§ Problem description: Reproduce each line of the following material exactly, omitting the images.
─── Exercise data ───
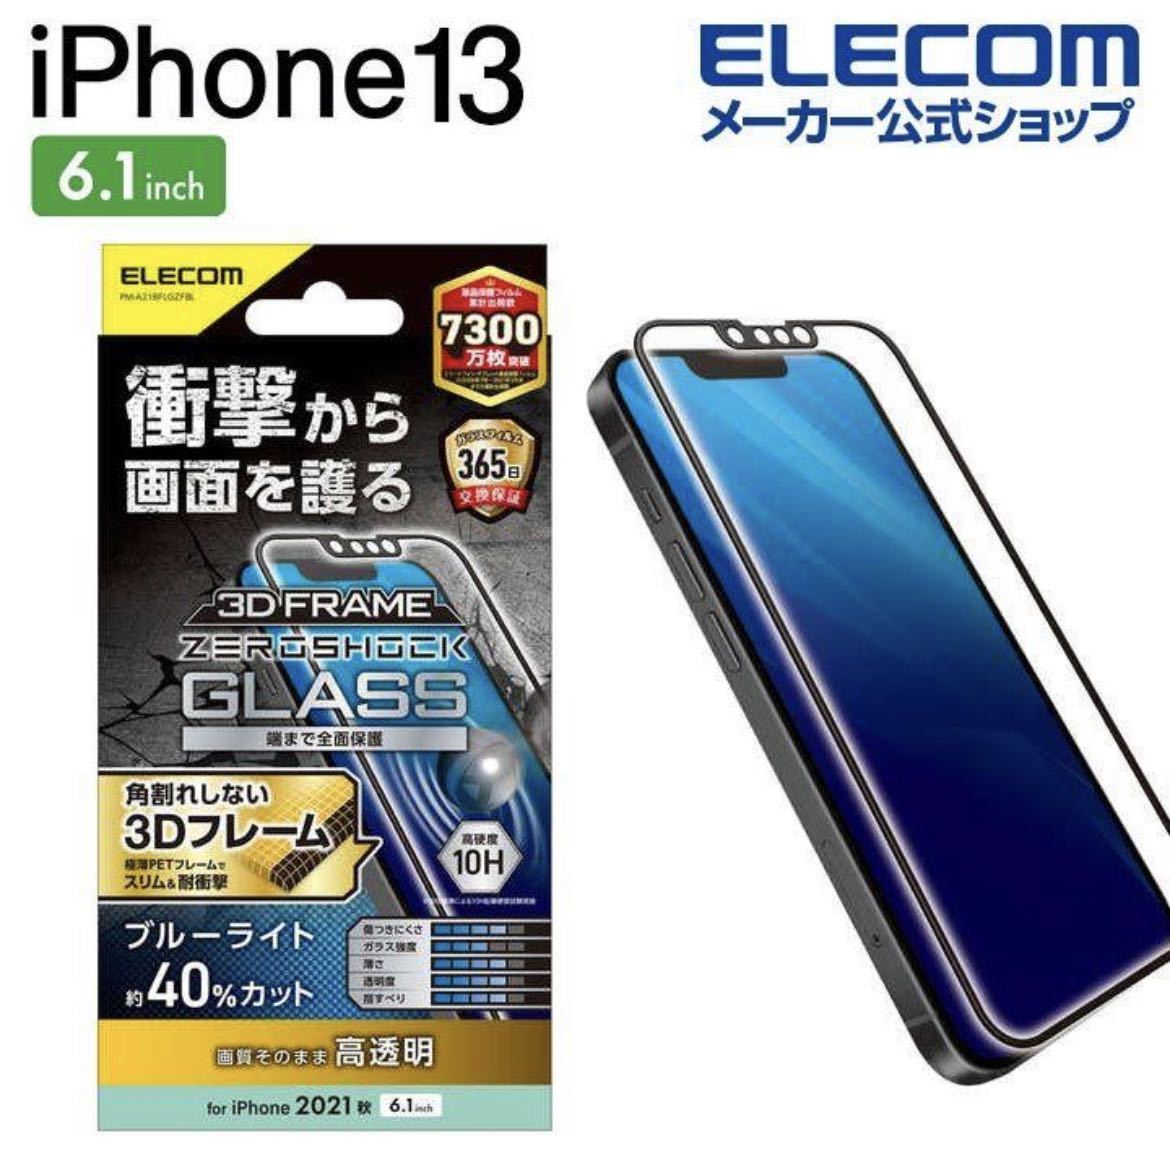 【送料込み、匿名発送】 2枚セット ELECOM iPhone 13 14 / iPhone 13 Pro 6.1inch ガラスフィルム ZEROSHOCK フレーム付きの画像3
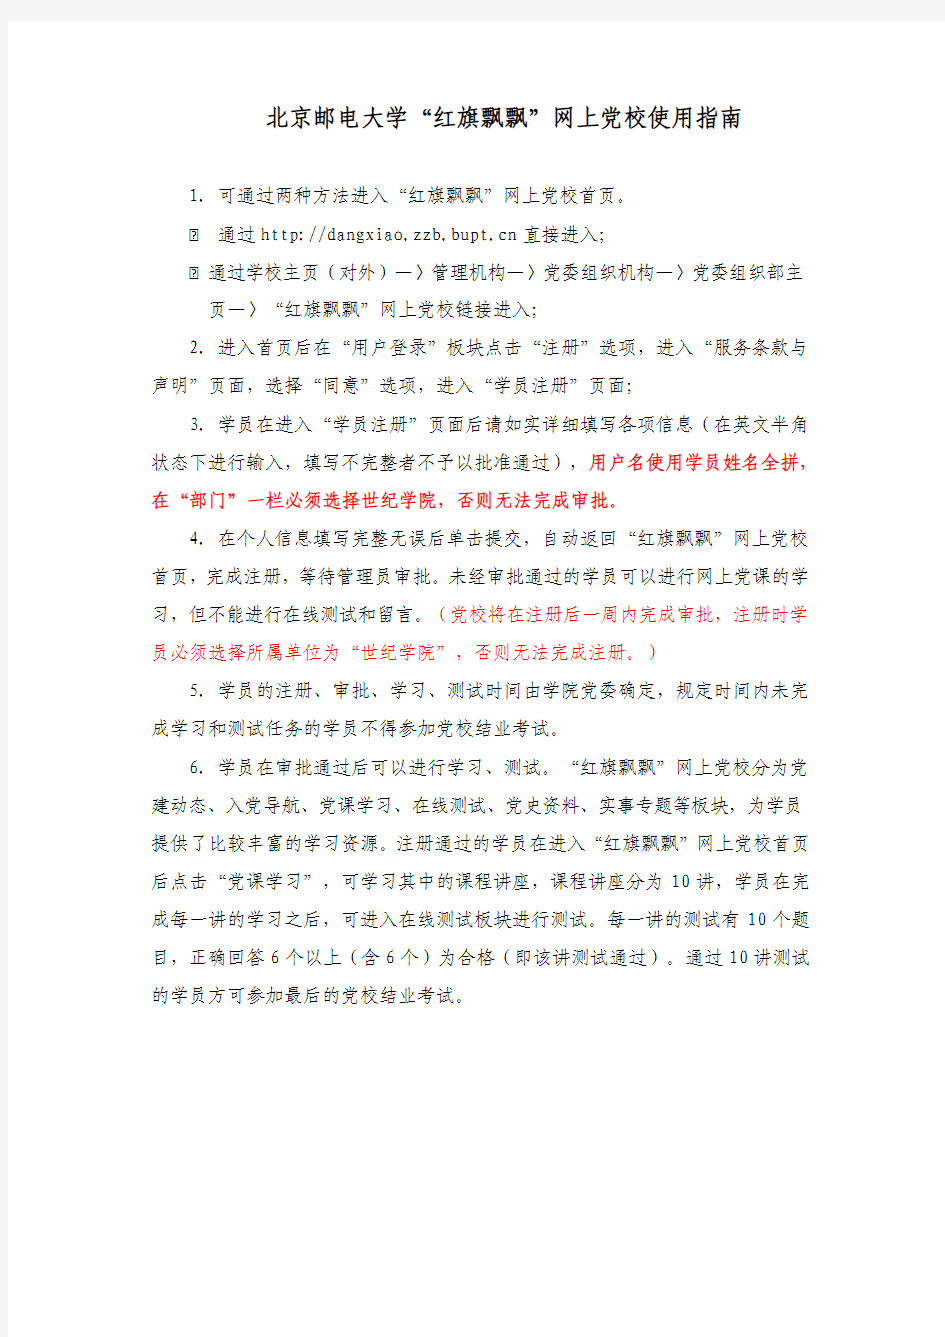 北京邮电大学“红旗飘飘”网上党校使用指南
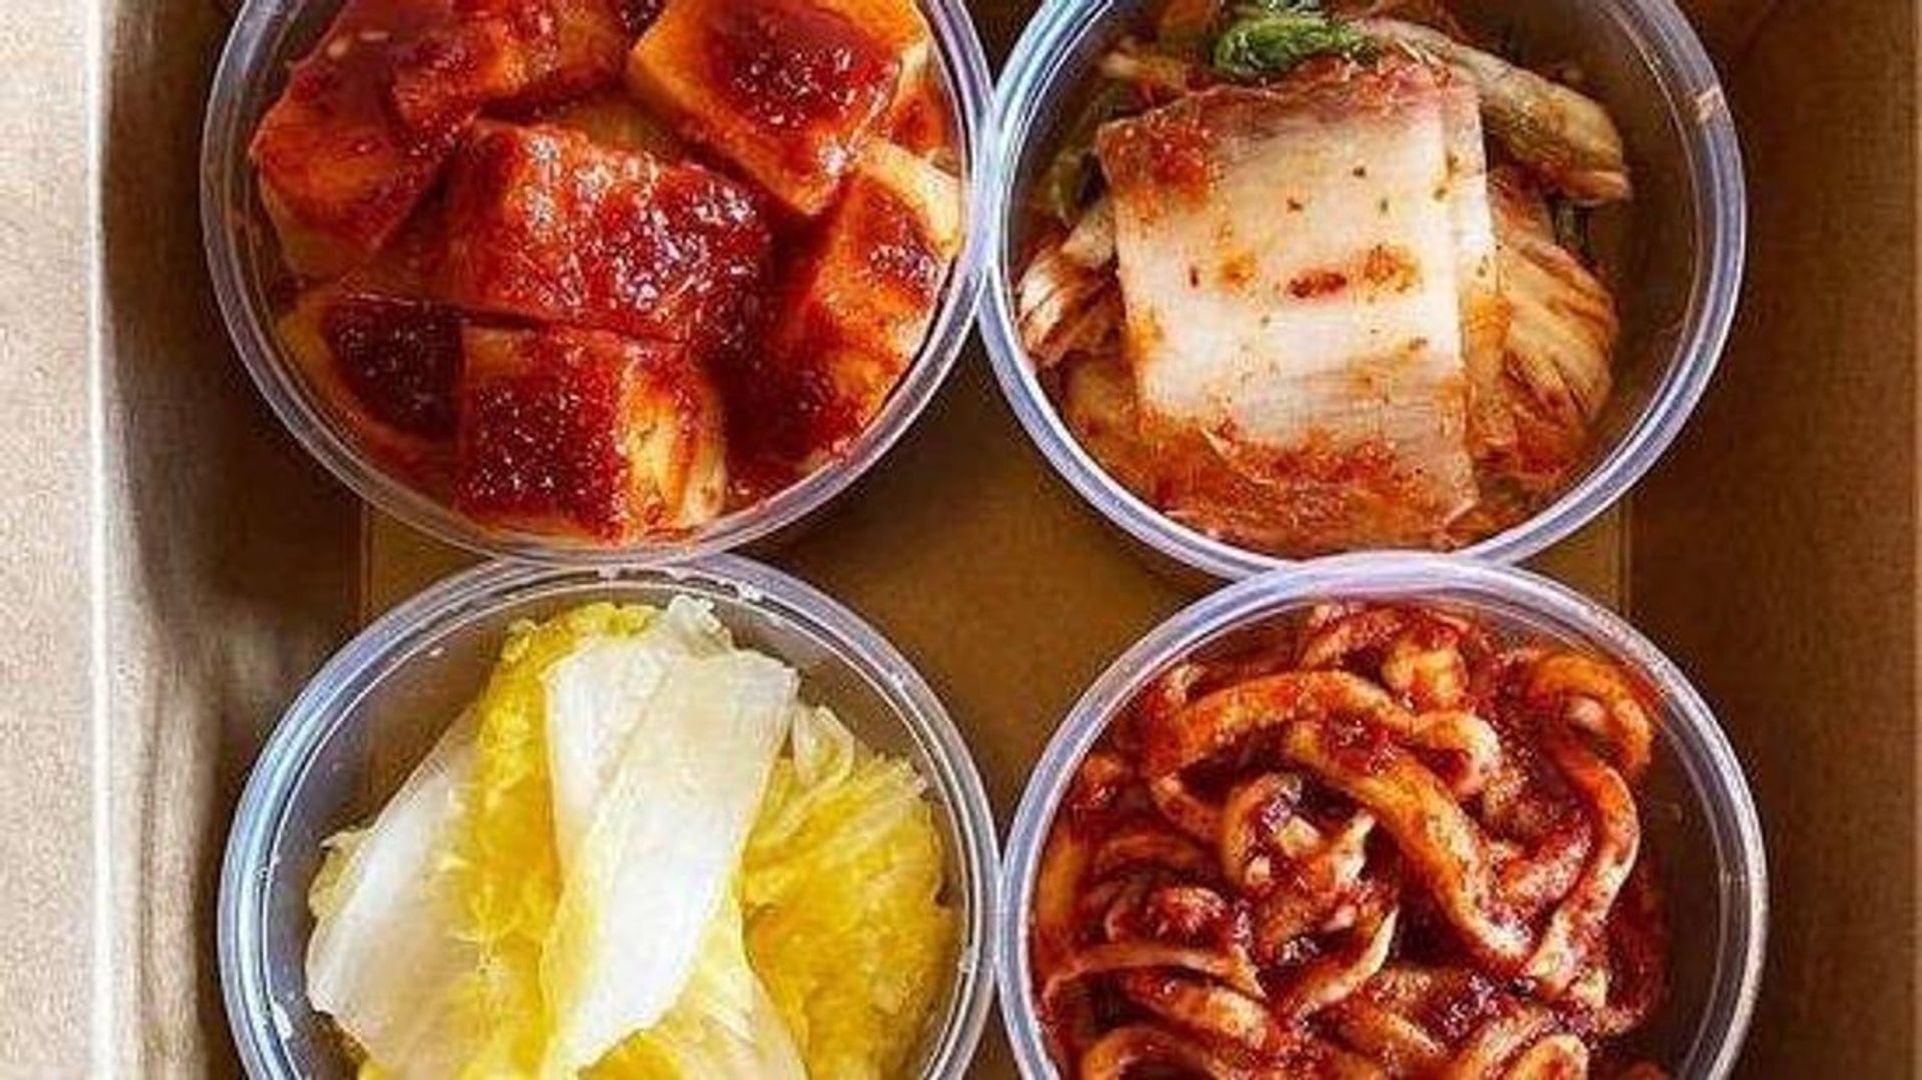 Kimchi Banchan 4-Pack
───
§ Answer:
 【送料込み、匿名発送】 2枚セット ELECOM iPhone 13 14 / iPhone 13 Pro 6.1inch ガラスフィルム ZEROSHOCK フレーム付きの画像3
 北京邮电大学“红旗飘飘”网上党校使用指南
 Kimchi Banchan 4-Pack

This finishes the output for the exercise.